Abbé Guillaume smiled in satisfaction, and looked affectionately at his friend. ‘I have looked forward with impatience to this visit with you, mon frère. I carry you in my heart, though I see you seldom. It is an honour to be your guest.’

There was a knock at the door, and Brother Tom entered quietly. Brother Richard had sent him: ‘He has a guest, Tom. Someone important, I think. He may need you to wait upon them.’

Père Guillaume looked round to see who had entered the room, and when his eyes lit on Brother Tom, he put down the beaker of wine which looked so incongruous in his elegant hand, and heaved himself to his feet.

‘Frère Thomas! Mon ami! You remember me? You, I shall never forget, never! I see you as if it happens now before my eyes, standing like a prophet of God over that Augustinian snake, storming at him as the gravy dripped from his furious face. Ah, Sancta Maria, that was a moment to remember! Let me embrace you, mon fils!’

He enfolded Tom in a mighty hug, soundly kissed him on both cheeks and stood back with his hands on Tom’s shoulders, beaming at him fondly.

‘“I had rather be”—what was it?
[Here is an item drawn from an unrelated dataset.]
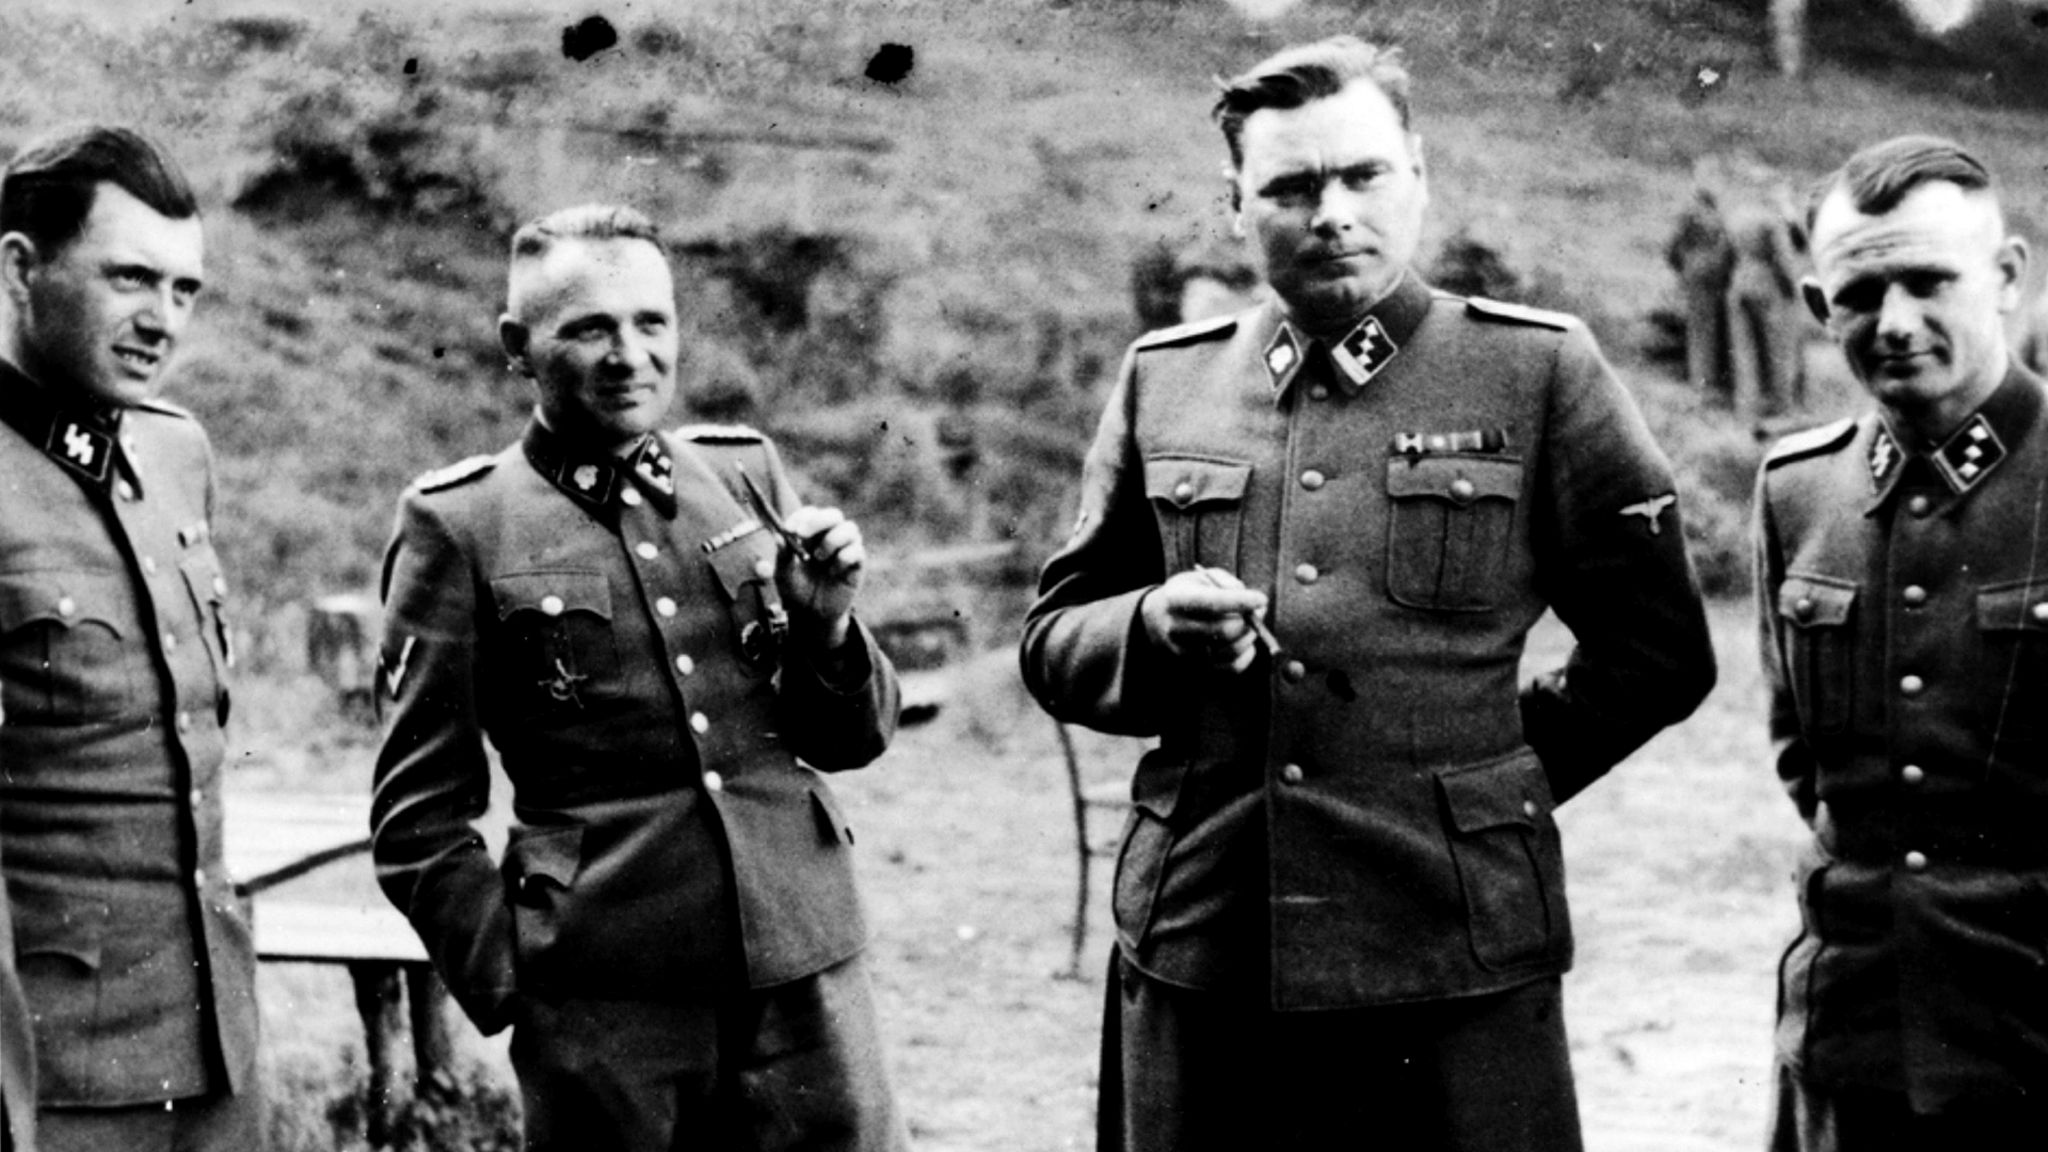 Josef Mengele pictured (left) with other senior Nazi officers

A beetle? Mais non, a cockroach! “A cockroach that crawls on the floor in the house where my abbot is master than be the greatest of those who serve under you!” Formidable, eh? I salute you, Frère Thomas. It does my heart good to see you again. May he have some wine, mon père? Is it permitted? Un tout petit peu?’ He turned in enquiry to Father Peregrine, who hesitated.

‘Truly, Guillaume, this is not how we usually spend the afternoon; but yes, why not. Sit down and share some wine with us, Brother.’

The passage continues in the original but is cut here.